__Work order__
Excluding all pictures, please output the listing exactly.

__Recorded information__
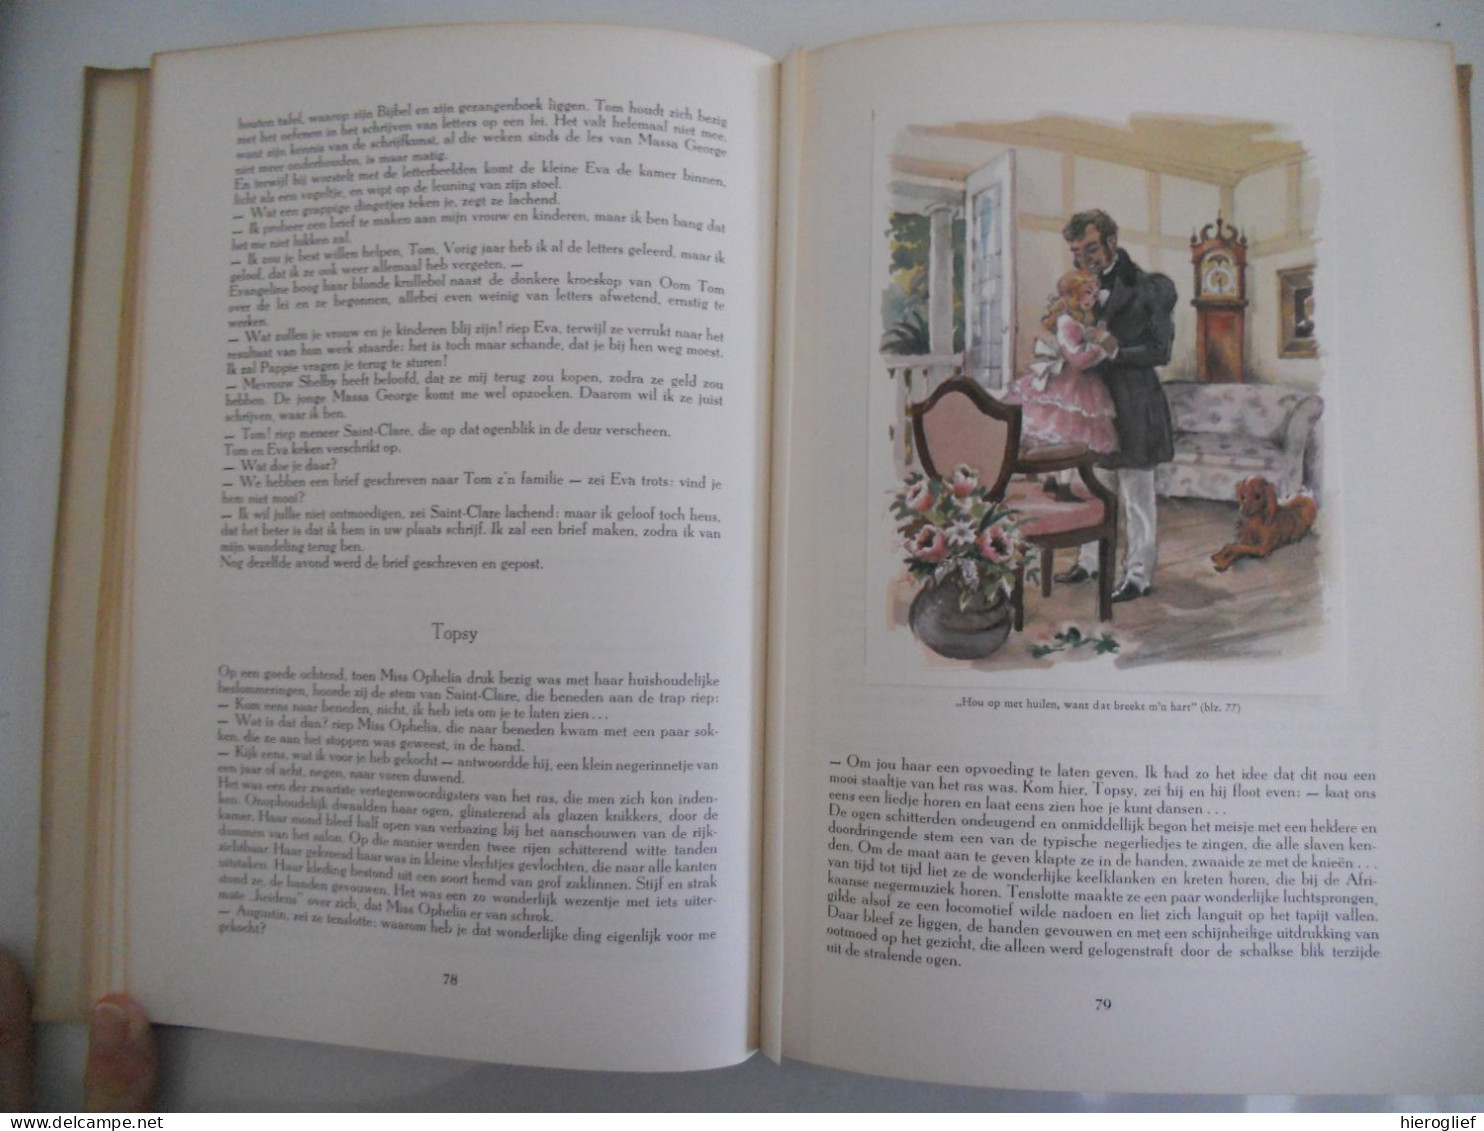 DE HUT VAN OOM TOM Album Artis ALLE CHROMO'S 1958 Harriet Beecher-Stowe bewerking J Voellmy illustraties Hugo Laubi
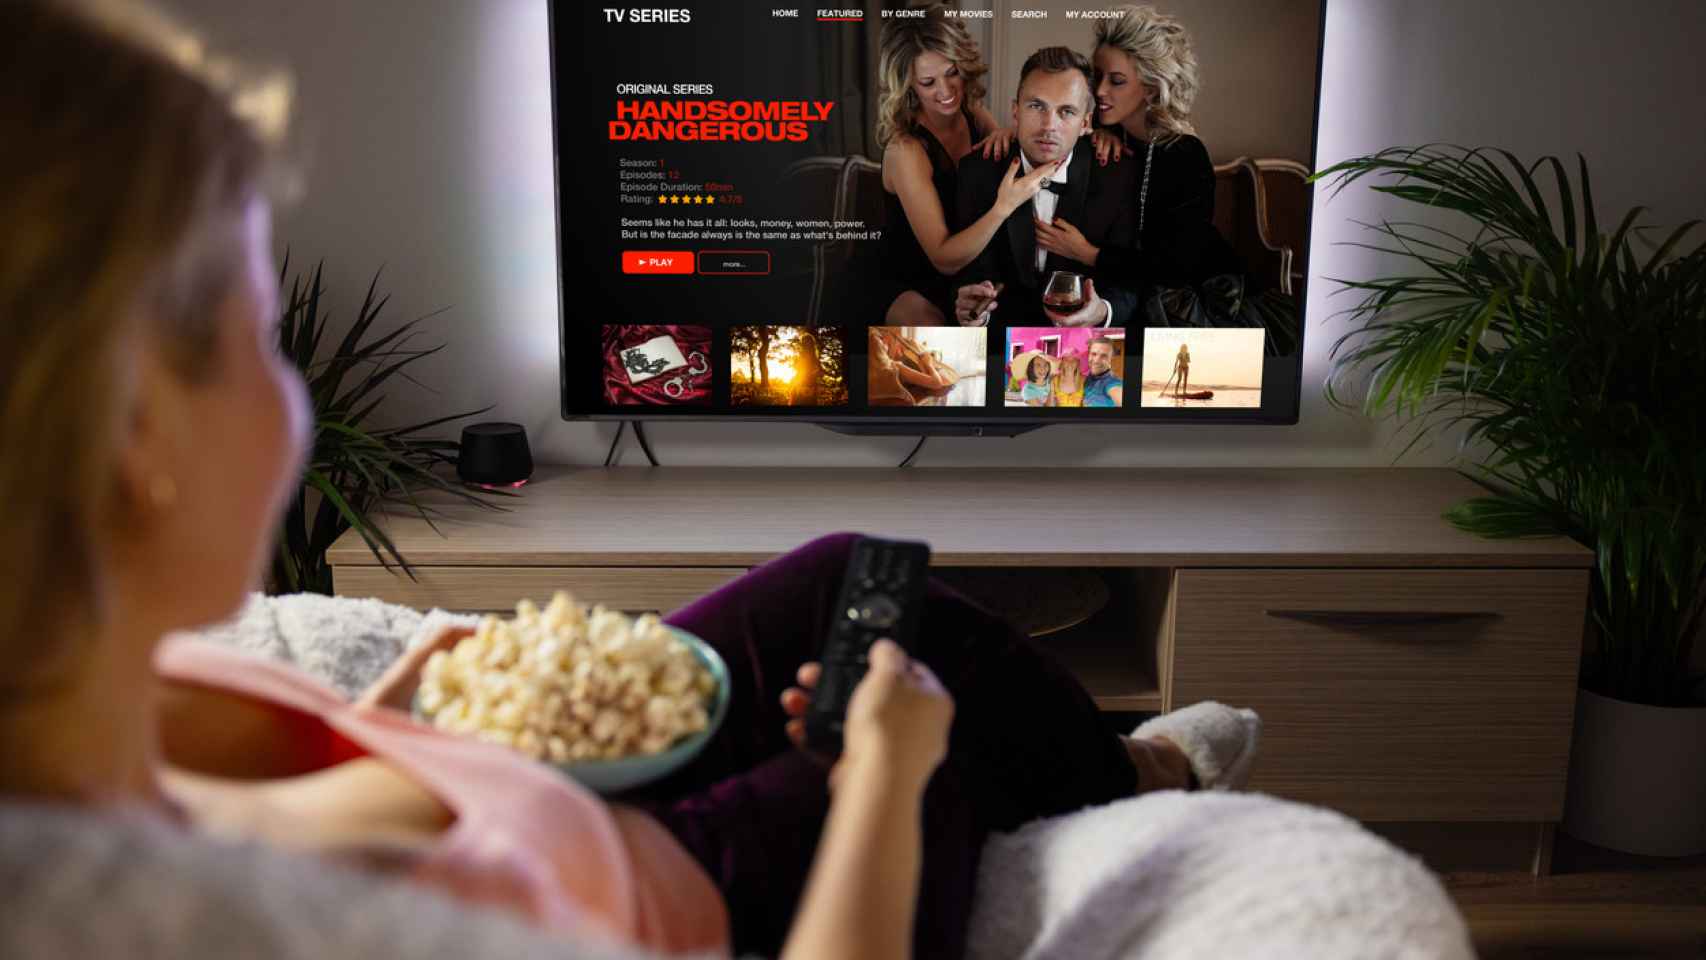 Por qué las televisiones han bajado tanto de precio en los últimos tiempos  - La Opinión
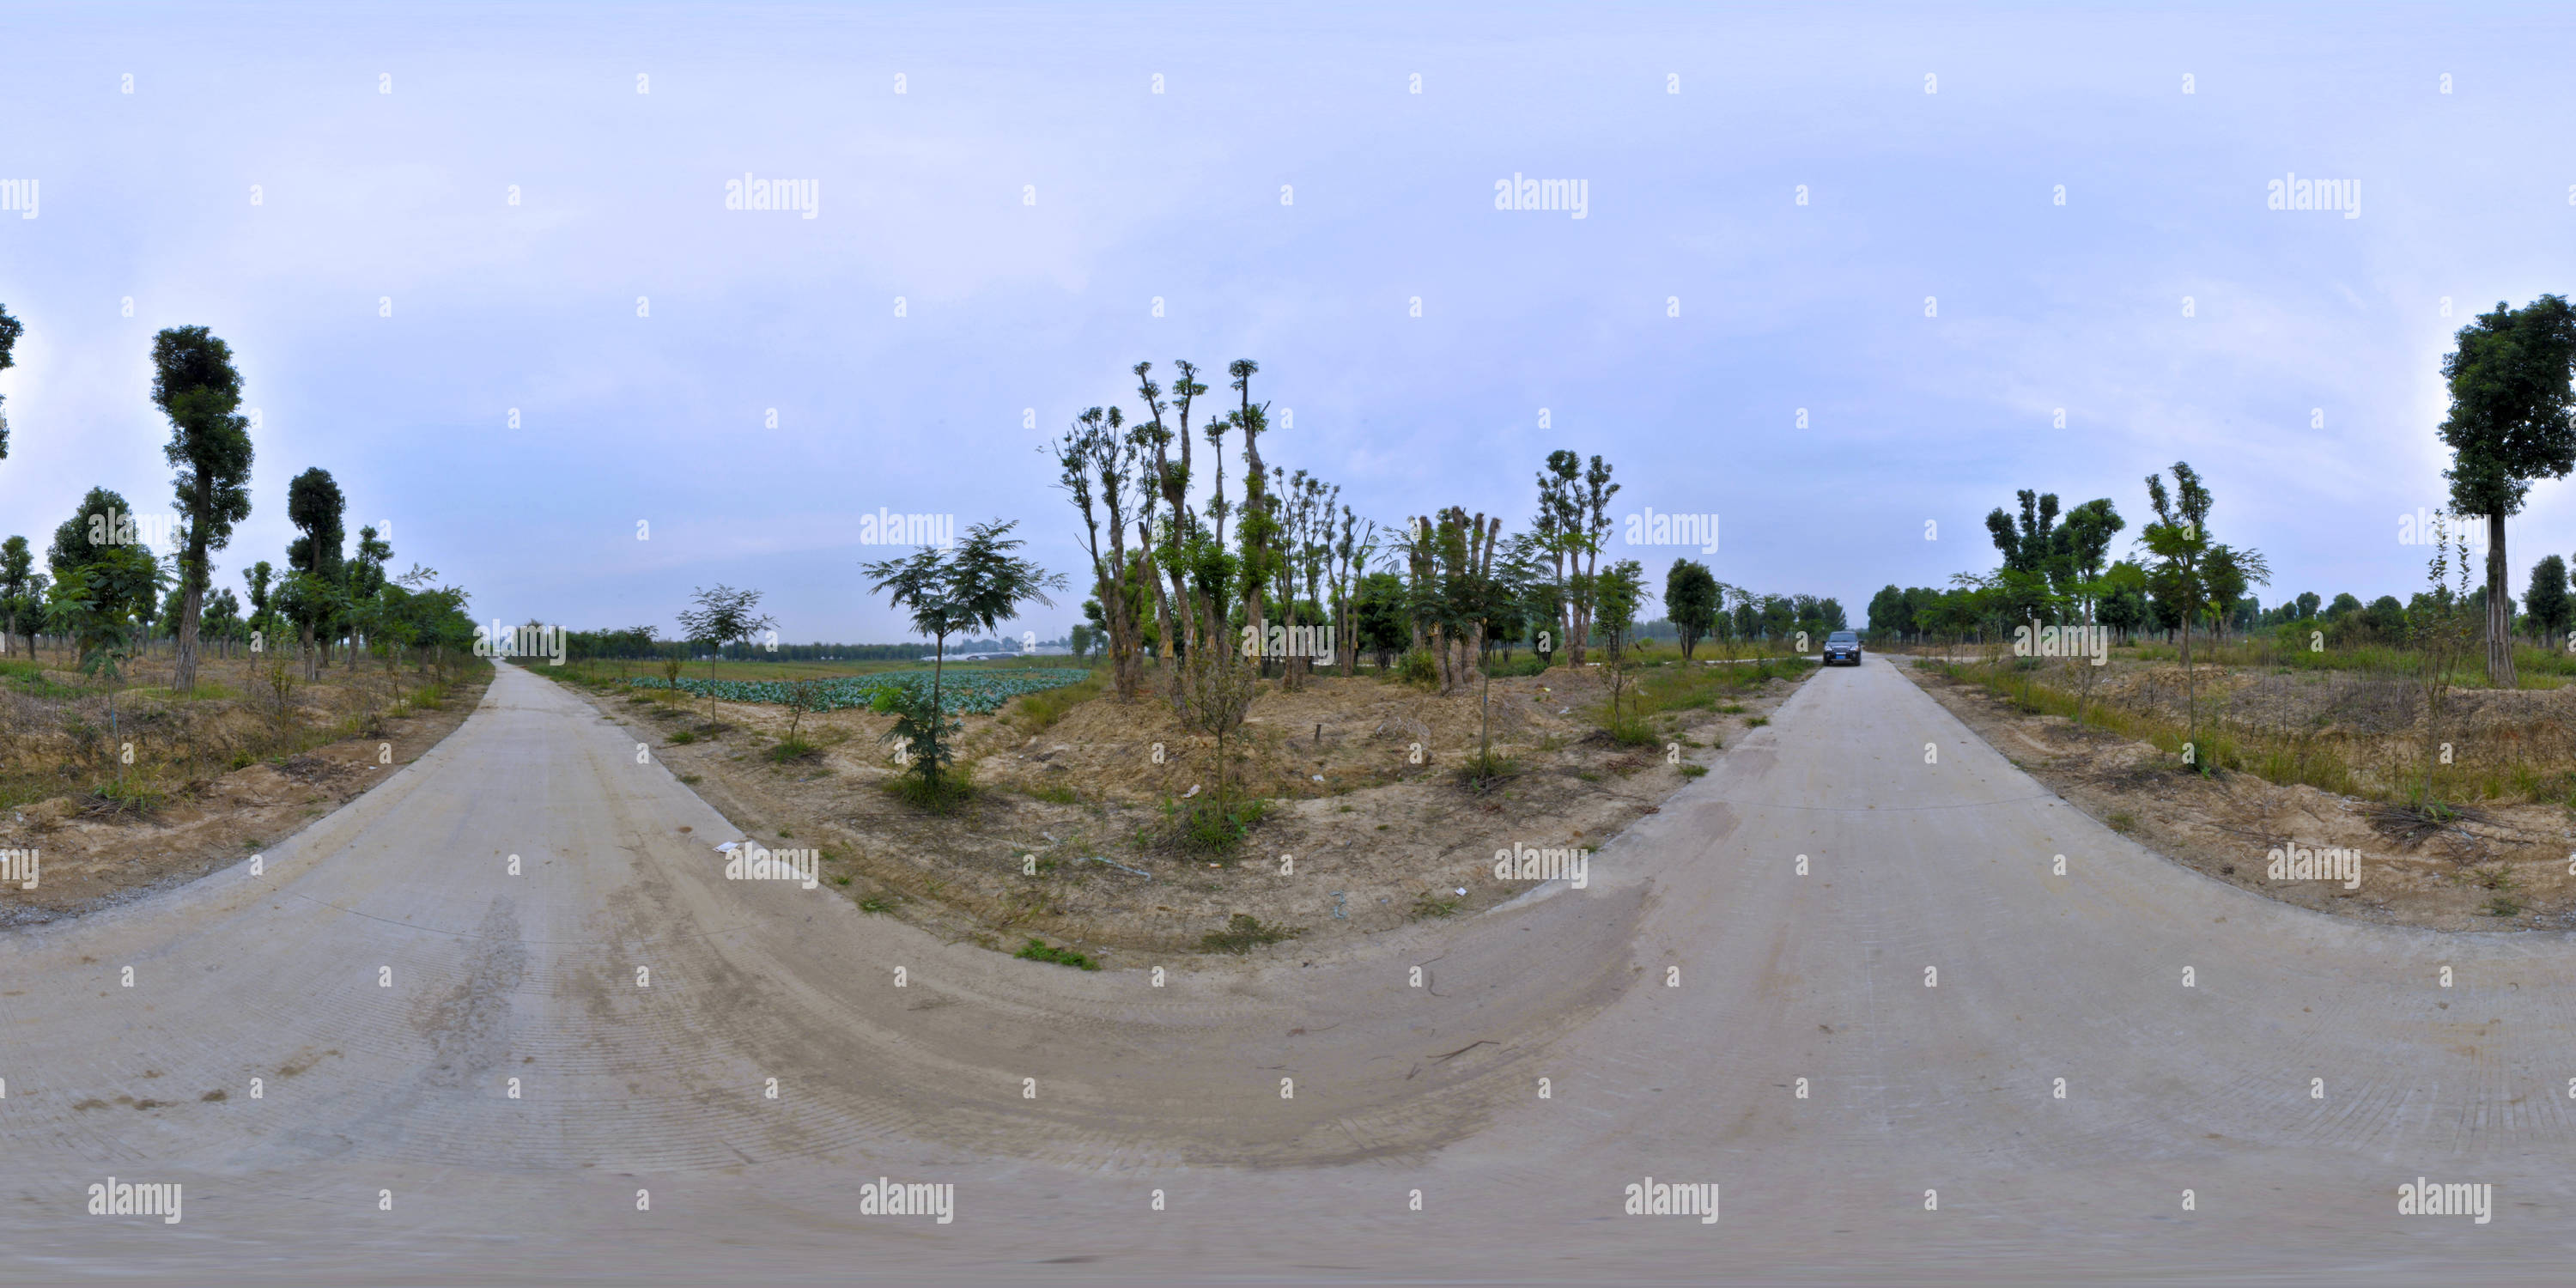 360 degree panoramic view of Ulmus parvifolia (194) 分杈榔榆
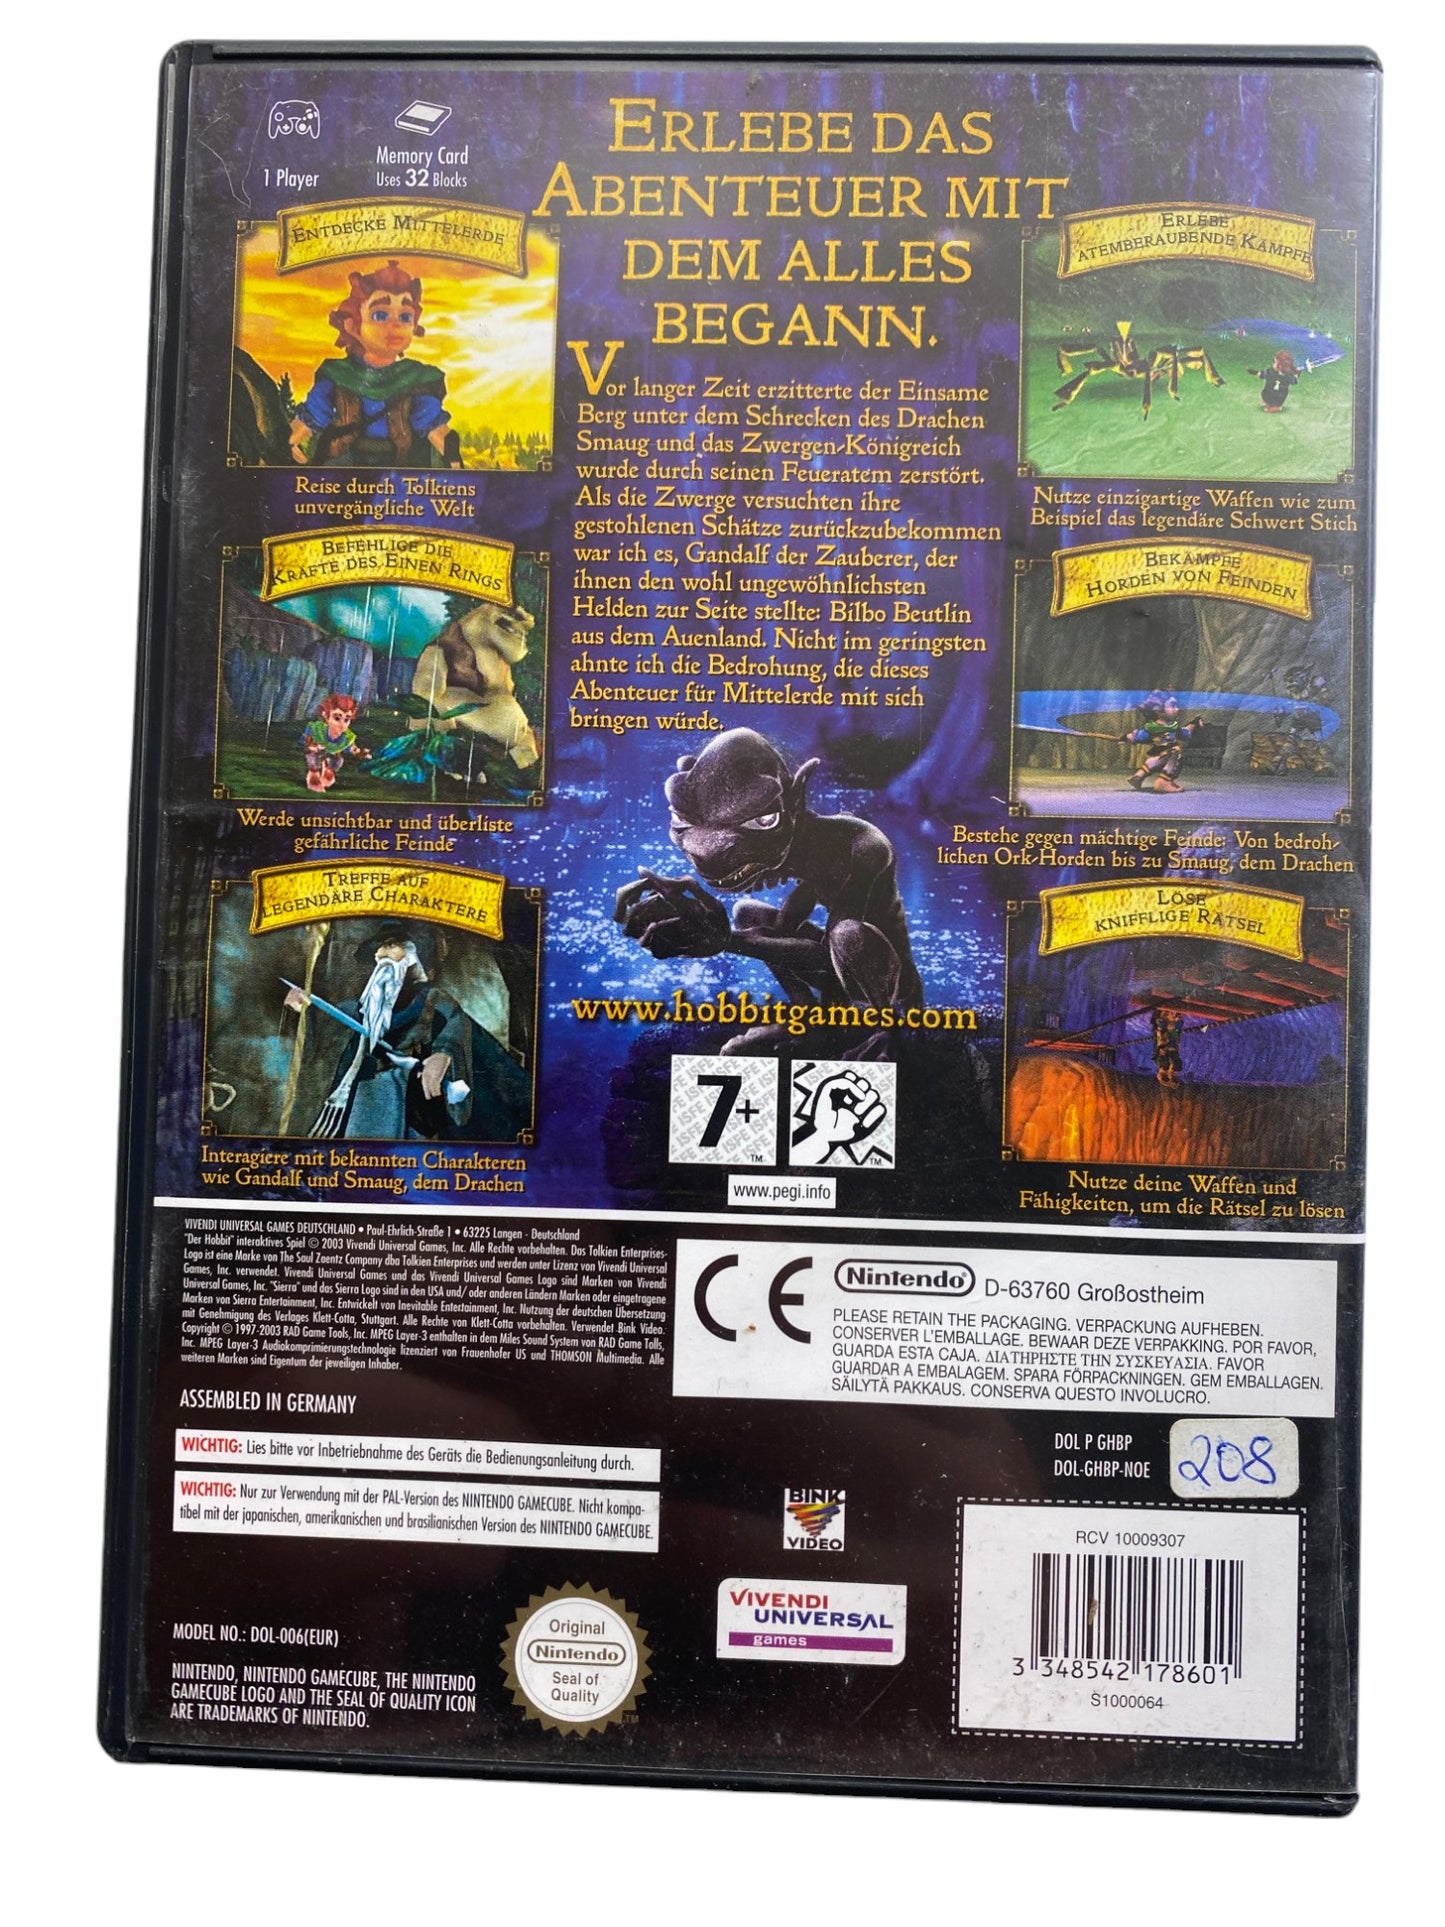 Der Hobbit-Die Vorgeschichte zu "Der Herr der Ringe" - Nintendo GameCube

__Exercise solution__
 DE HUT VAN OOM TOM Album Artis ALLE CHROMO'S 1958 Harriet Beecher-Stowe bewerking J Voellmy illustraties Hugo Laubi
 Por qué las televisiones han bajado tanto de precio en los últimos tiempos  - La Opinión
 360 degree panoramic view of Ulmus parvifolia (194) 分杈榔榆
 Der Hobbit-Die Vorgeschichte zu "Der Herr der Ringe" - Nintendo GameCube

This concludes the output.